Salad rocket is more than a leaf that makes a cheese sandwich upmarket. Our five fascinating facts reveal a history peppered with sex, drugs, rocket and rolls…
There are two main variants of rocket: the familiar, cultivated ‘salad rocket’ varieties that go by the scientific name eruca sativa and its hot, wild cousin, christened diplotaxis tenuifolia. Both types have numerous international aliases, including roquette, arugula, colewort, rucola, jaramango and Italian cress (cultivated); wall rocket, arugula sylvetta and crack mustard (wild).
Packed with vitamins and antioxidants, rocket is a nutritious fuel for the mind, body and especially the skin. Some folk have even been known to smear themselves with fresh leaves for a natural deodorant, while others claim it can make freckles vanish.
Throughout history most foodstuffs seem to have been declared an aphrodisiac by some culture or other. Rocket rates pretty high on the list of Mediterraneans’ love drug – its aphrodisiac powers even caused it to be banned from Italian monasteries in the 12th centuries.

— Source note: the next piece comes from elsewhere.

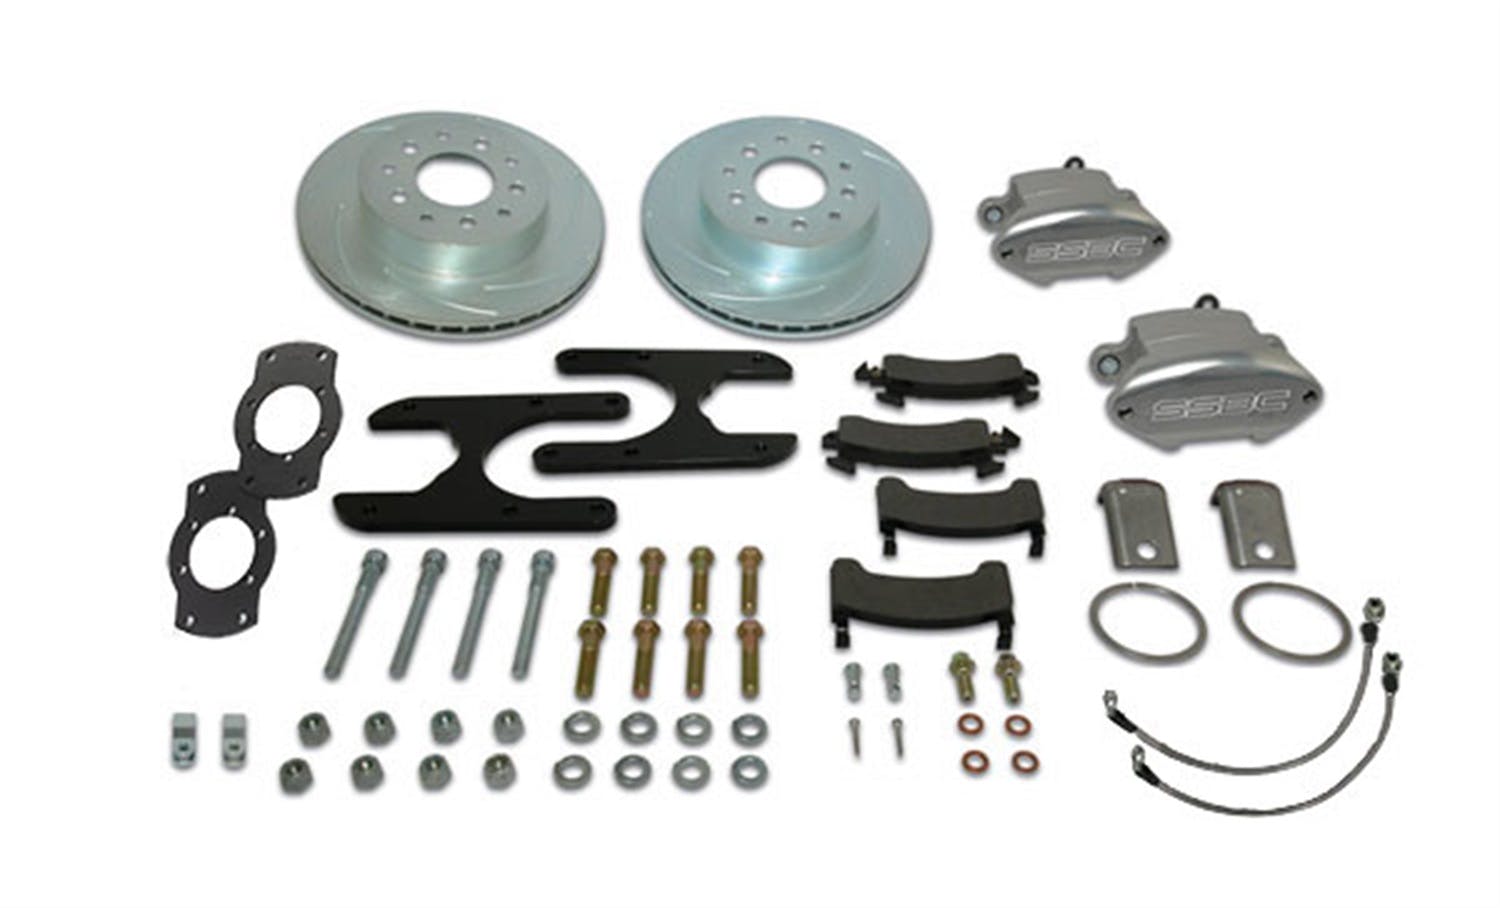 Stainless Steel Brakes A125-30R Kit A125-30 w/red calipers

At other times followers of Priapus, the Greco-Roman god of fertility, planted the hot potion around his statue to give him a helping hand, as evidenced in this quote from Roman author Columnella: “Th’eruca, Priapus, near thee we sow, to arouse to duty husbands who are slow”.
In America the rapid rise of rocket’s popularity has been seen as an indication of a growing culture of professional elitism. President Obama caused a bit of a peppery stink when he was said to have complained about the price of rocket, with political commentators naturally dubbing the scandal ‘arugula-gate’.
Besides enjoying its mustardy leaves in a cheese roll we’ll be bottling our harvest by making the Italian rocket liqueur ‘rucola’ or ‘rucolino’. This involves stuffing it in vodka with sugar, lemon peel and a few cloves.